The prion proteins that can cause variant Creutzfeldt–Jakob disease in humans could be lurking undetected in our lymphatic system. Credit: PASIEKA/SCIENCE PHOTO LIBRARY

Prion diseases such as bovine spongiform encephalopathy (BSE) and variant Creutzfeldt–Jakob disease (vCJD) are able to jump species much more easily than previously thought. A study published in Science today shows that in mice, prions introduced from other species can replicate in the spleen without necessarily affecting the brain1.

The study reinforces the concern that thousands of people in the United Kingdom might be silent carriers of prion infection, potentially able to pass a lethal form of the disease to others through surgery or blood transfusions.

Prions are infectious pathogens, primarily composed of the misfolded form of a protein called PrP. Normal PrP molecules that are converted into the misshapen type then aggregate in the brain to form hard, insoluble clumps — with fatal consequences.

Previous studies have judged the ease of cross-species transmission by looking for clinical symptoms as well as the presence of prions in infected animals’ brains. Results from these studies suggested that in many cases there is an effective 'species barrier', with most inoculated animals seemingly free of prions at the end of their lives.

Breaking barriers

But prions don’t just replicate in the brain — they also affect lymphoid tissue, such as the spleen, tonsils and appendix. So Vincent Béringue, a prion researcher at the French National Institute for Agricultural Research in Jouy-en-Josas, France, and his colleagues used mice that had been genetically engineered to express either the sheep or human version of PrP to look beyond the brain.

The researchers injected prions from elk, hamsters and cattle into the brains of the engineered mice — all species barriers that are supposedly very hard to cross — then looked for prions in the spleens and brains of the mice at regular intervals after exposure.

As expected, few of the mice had detectable prions in their brains. When those expressing human PrP were inoculated with the BSE prion, only 3 out of 43 had detectable prions in their brains at the end of their lives. But in lymphoid tissue it was a different story, with 26 of 41 spleens testing positive for prions, even though the mice showed no clinical symptoms of BSE.

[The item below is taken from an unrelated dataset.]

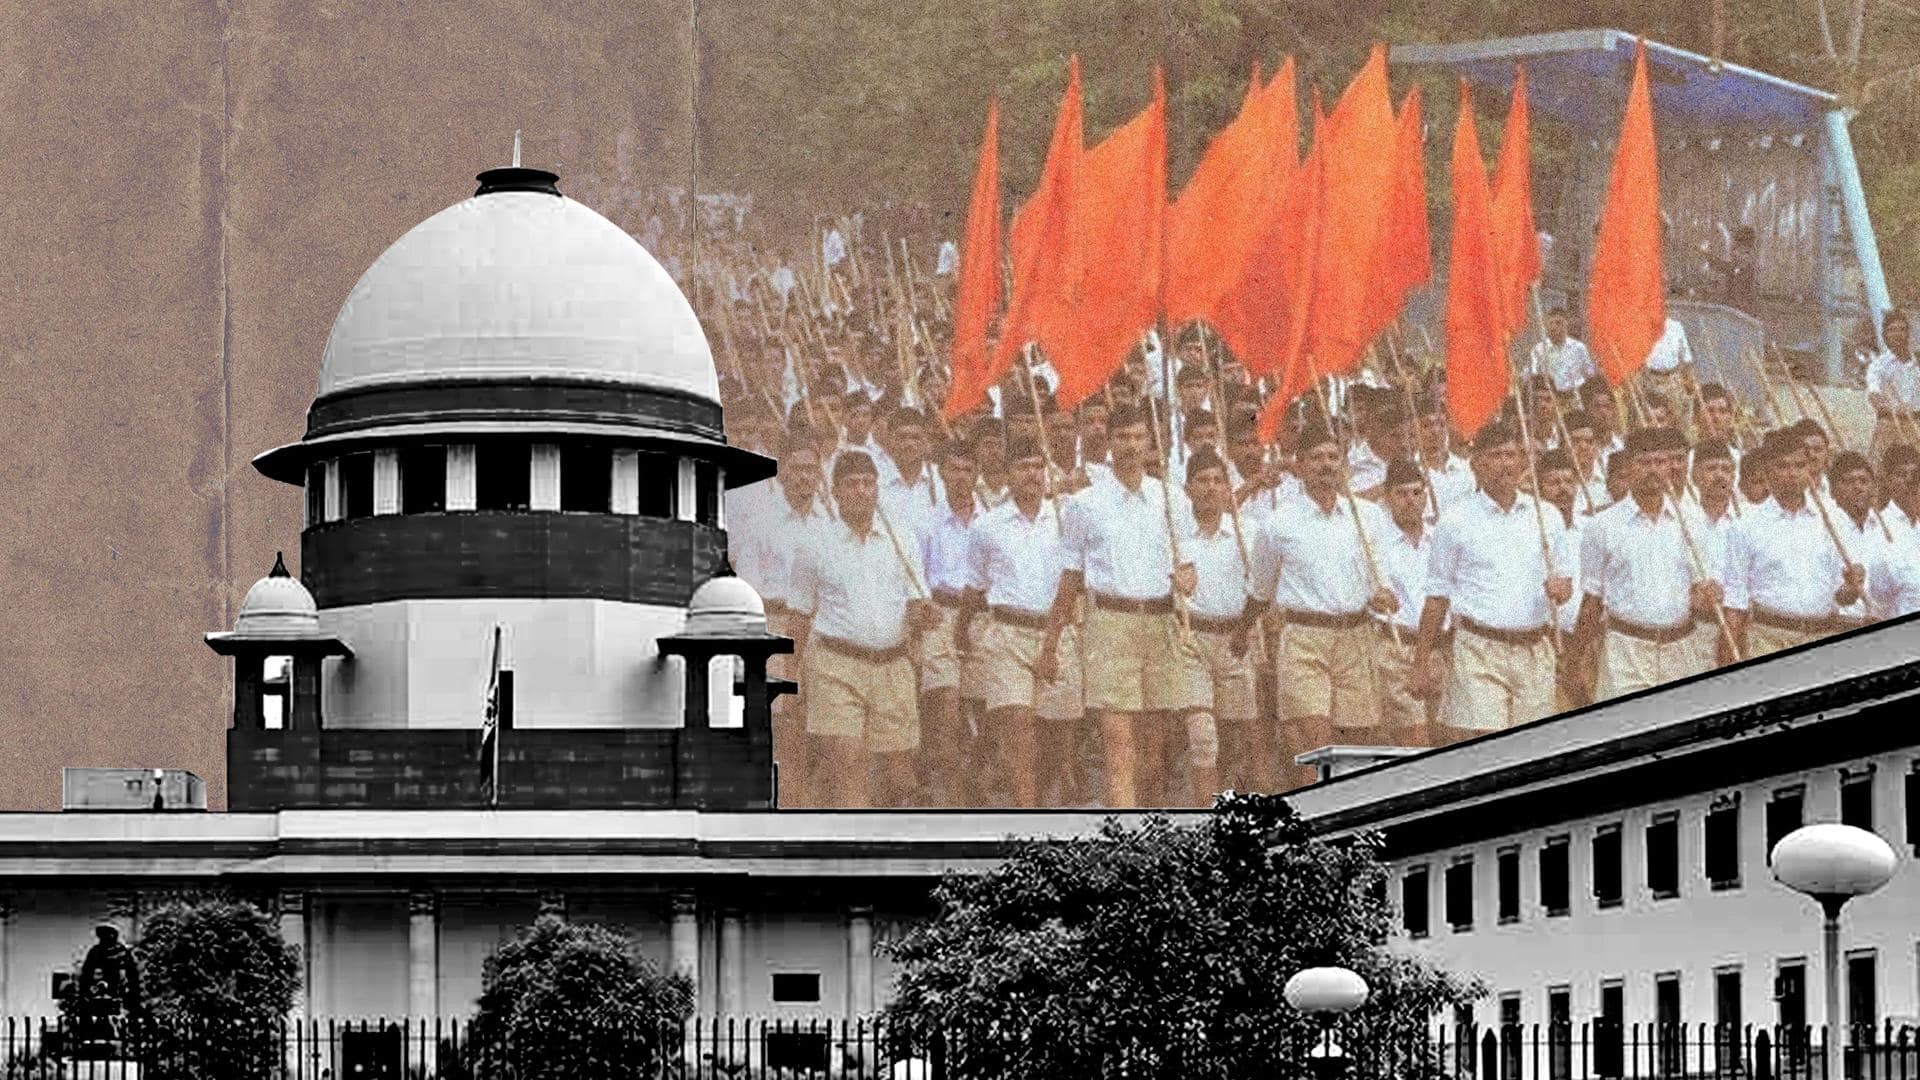 Tamil Nadu: Supreme Court allows RSS march, dismisses government's plea

The research shows that prions jump species into lymphoid tissue much more easily than into brain tissue, says Béringue. “If you extrapolate that to the human situation, you can imagine that there are more people infected subclinically in lymphoid tissues such as the spleen, who may never develop the disease.”

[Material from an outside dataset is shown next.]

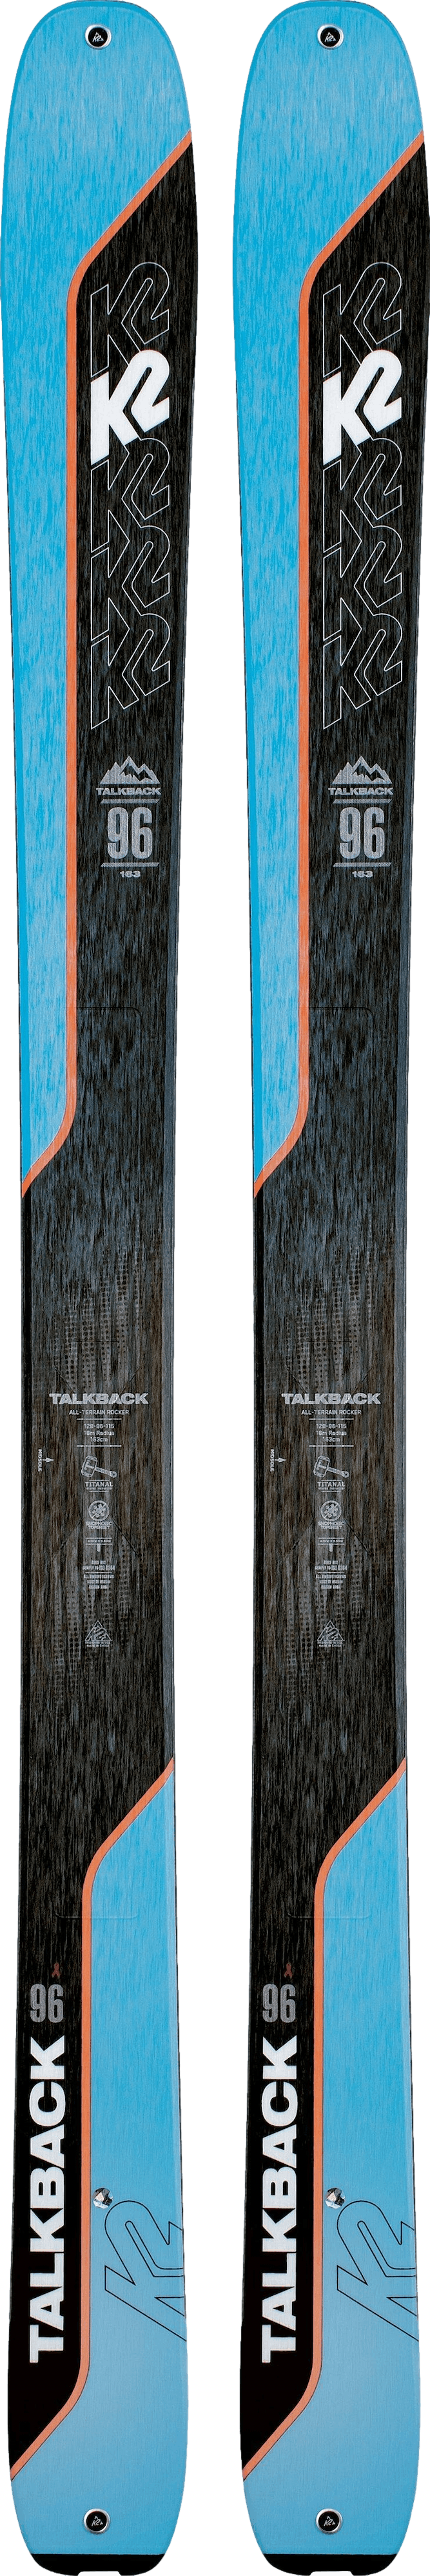 K2 Talkback 96 Skis · Women's · 2022

That’s a concern because these carriers could infect others, for example by blood transfusion, organ donation or contaminated surgical instruments. Once passed human to human, the infection could in theory then affect the brain and cause lethal vCJD, says John Collinge, director of the Medical Research Council Prion Unit at University College London, who wrote an analysis to accompany the Béringue paper2. “The main adaptation — that the incoming BSE proteins have triggered the formation of human prions — has occurred,” he says.

An epidemic of BSE among cows, dubbed 'mad cow disease', in Britain in the 1980s, led to stringent controls on meat production and the use of surgical and dental instruments. Human cases of the disease, vCJD, were first seen in the mid-1990s. That sparked fears of a devastating human epidemic, but only around 200 people have died from the disease since then, and cases have been tailing off.

But two recent surveys of tissue samples from removed appendixes suggest that as many as 1 in 4,000 people in the United Kingdom could be carriers3,4.

Béringue’s findings could help to explain these results, says Collinge. “These estimates suggest there may be 15 to 20,000 people in the United Kingdom incubating the disease,” he says. “Maybe they predominantly have an infection restricted to the lymphoreticular system.”

Collinge warns that “all efforts should be made” to assess the prevalence of prion infection in the United Kingdom by analysing surgical and autopsy tissues, and to investigate whether blood tests for vCJD can detect the infection in silent carriers. “Maybe they will never develop the disease themselves,” he says. “But it’s precisely those people who present a risk to others.”